Iatrogenic Aspiration of Custom-Made Keel: A Case Report


Hadi Sharouny 1 , * , Rahmat Bin Omar 2

1 Department of Otorhinolaryngology Head and Neck Surgery, Shiraz University of Medical Sciences, Shiraz, IR Iran

2 Department of Otorhionlaryngology Head and Neck Surgery, University of Malaya, Kuala Lumpur, Malaysia

How to Cite: Sharouny H, Bin Omar R. Iatrogenic Aspiration of Custom-Made Keel: A Case Report, Iran Red Crescent Med J. 2014 ; 16(12):e17066. doi: 10.5812/ircmj.17066.


Iranian Red Crescent Medical Journal: 16 (12); e17066
Published Online: December 14, 2014
Article Type: Case Report
Received: December 23, 2013
Revised: September 27, 2014
Accepted: October 6, 2014




Introduction: Laryngeal stenosis has various causes and treatment options. Endoscopic resection of the stenotic part with CO2 laser is one of the treatment options of laryngotracheal stenosis. Keels are useful for preventing adhesion formation, restenosis and web formation, which may happen during the later stage. They can be put in place either via the endoscopic approach or through a micro thyroidotomy and are held in place with a heavy suture through cricothyroid and thyrohyoid membranes. They are left in place for two to four weeks, and then removed through the endoscopic approach under general anesthetics.

Case Presentation: We report on a case of anterior glottis stenosis with keel aspiration for two weeks, after endoscopic CO2 laser resection of the stenotic section and keel placement. The patient was admitted to our center, where bronchoscopy was performed and the keel was removed. A new custom-made silastic keel was properly placed in raw areas and fixed to the skin with suture through the cricothyroid and thyrohyoid membranes. The keel was removed three weeks later.

Conclusions: Endoscopic keel placement should be done with heavy suture through cricothyroid and thyrohyoid membranes. Surgeons should suture the keel to the anterior laryngeal wall with specially designed Lichtenberger’s needle-carriers to prevent complications such as keel aspiration, adhesion formation and imposing a second trip under general anesthetics, which put the patient at increased risk. The false vocal cord microflaps, as biological keels and a relatively new method may replace silastic keel placement in the future.
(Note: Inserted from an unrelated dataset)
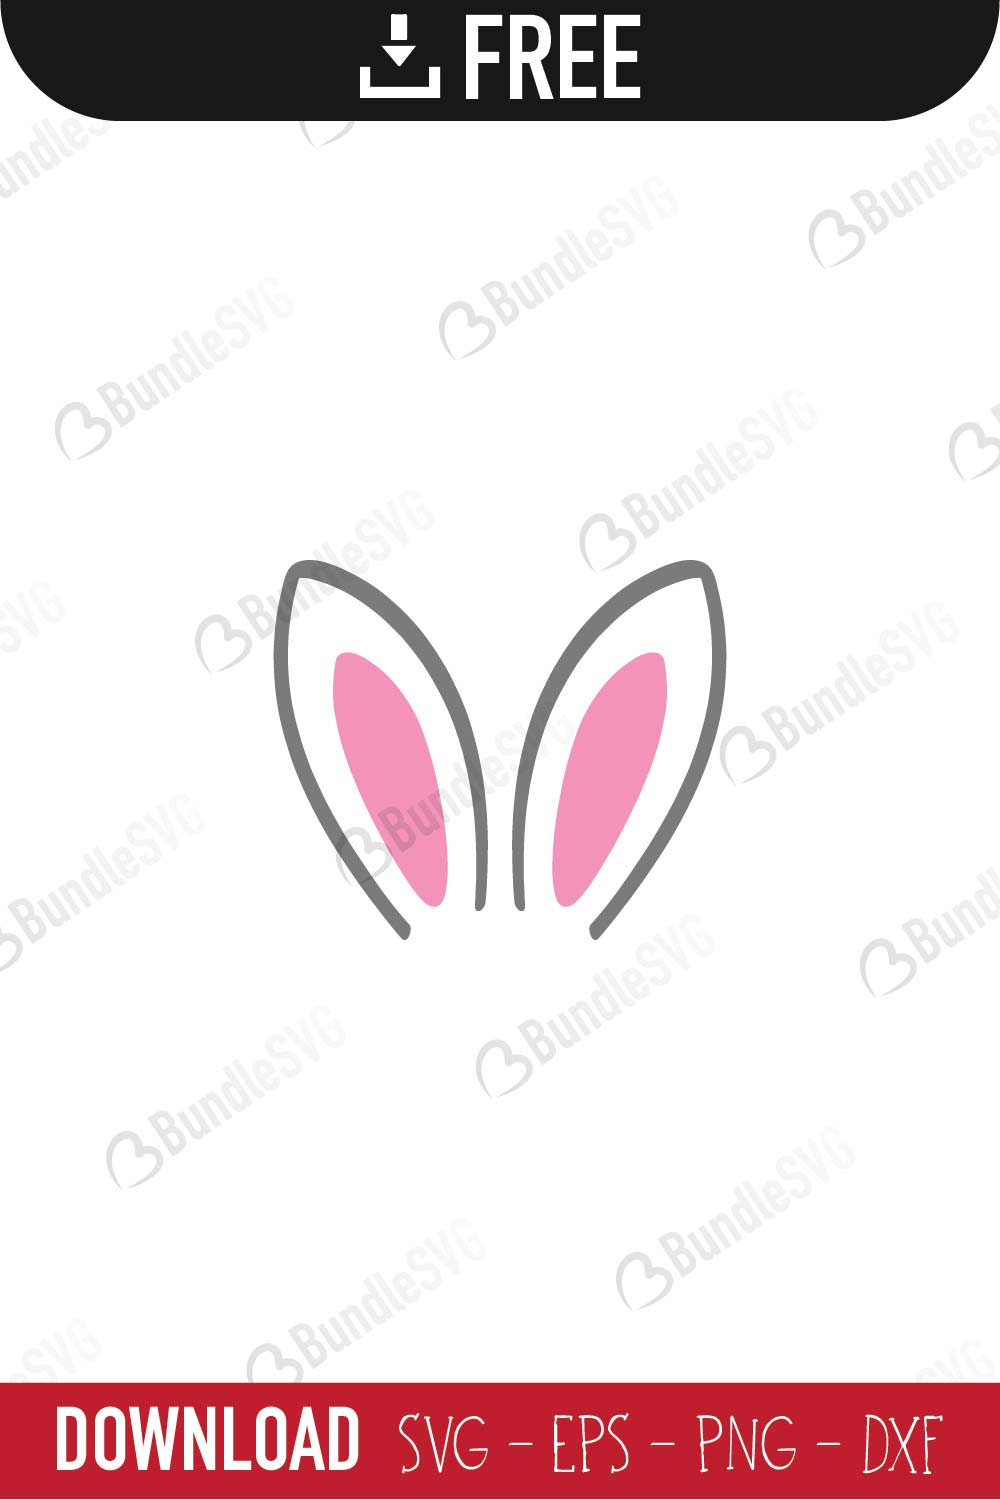 Bunny Ears SVG Cut Files Free Download | BundleSVG.com

Laryngostenosis Prosthesis Implantation Laryngeal Diseases Stents

Copyright © 2014, Iranian Red Crescent Medical Journal. This is an open-access article distributed under the terms of the Creative Commons Attribution-NonCommercial 4.0 International License (http://creativecommons.org/licenses/by-nc/4.0/) which permits copy and redistribute the material just in noncommercial usages, provided the original work is properly cited.

1. Introduction

Laryngotracheal stenosis has a large number of etiologies (1). The leading causes of upper airway stenosis are prolonged endotracheal intubation and external trauma to the neck (1). Selection of appropriate surgical management of upper airway stenosis depends on location, severity, duration, etiology and extent of functional impairment (1). Stenotic sections can happen at different locations such as supraglottis, anterior glottis, etc. Surgical management of laryngotracheal stenosis ranges from tracheostomy to tracheal resection with postoperative stent placement (1). Keels are used to prevent adhesion formation in anterior glottic webs (1). We report on a patient with keel aspiration postoperatively. The aim of the present case report was to emphasize the importance of fixing keels properly on anterior commissure of the larynx.

2. Case Presentation

A 30-year-old man with a history of car accident and diagnosis of anterior glottic stenosis on tracheostomy tube was admitted to the University of Malaya Medical Centre, Kuala Lumpur, Malaysia in January 2012. Endoscopic carbon dioxide (CO2) laser-assisted resection was done for this patient. A custom-made laryngeal keel, which was made from a silastic sheet, with 0.3 mm thickness, was placed endoscopically to cover the entire raw edge. Using a Lichtenberger endo-extralaryngeal needle carrier (Prolene 2.0), the silastic sheet was anchored to another silastic sheet on the skin. The patient was discharged with a prescription of oral omeprazole 20 mg, once a day, on the following day. He came back to the clinic two weeks after the operation with complaint of itchiness in his throat, abnormal sensation in his chest and blood stained phlegm. On cervical inspection, the area around the suture was inflamed. Flexible nasolaryngoscopy revealed that the silastic sheet was dislodged. Using flexible bronchoscopy through the fenestra of tracheostomy tube, the silastic sheet was seen in the right main bronchus (Figure 1). The patient was admitted and flexible bronchoscopy was performed through the fenestra of the tracheostomy tube and the keel was removed. Mitomycin-C was applied over the raw edges. A new custom-made silastic keel was inserted using a Lichtenberger endo-extralaryngeal needle-carrier and passing a 2.0 Prolene suture through the cricothyroid membrane inferiorly, keel and thyrohyoid membrane superiorly, to allow anchor to the skin. The patient was seen a week later at the clinic and as indicated by flexible nasolaryngoscopy, the keel was in situ. The subject was re-examined under general anesthetics three weeks post-operation and the silastic sheet was removed.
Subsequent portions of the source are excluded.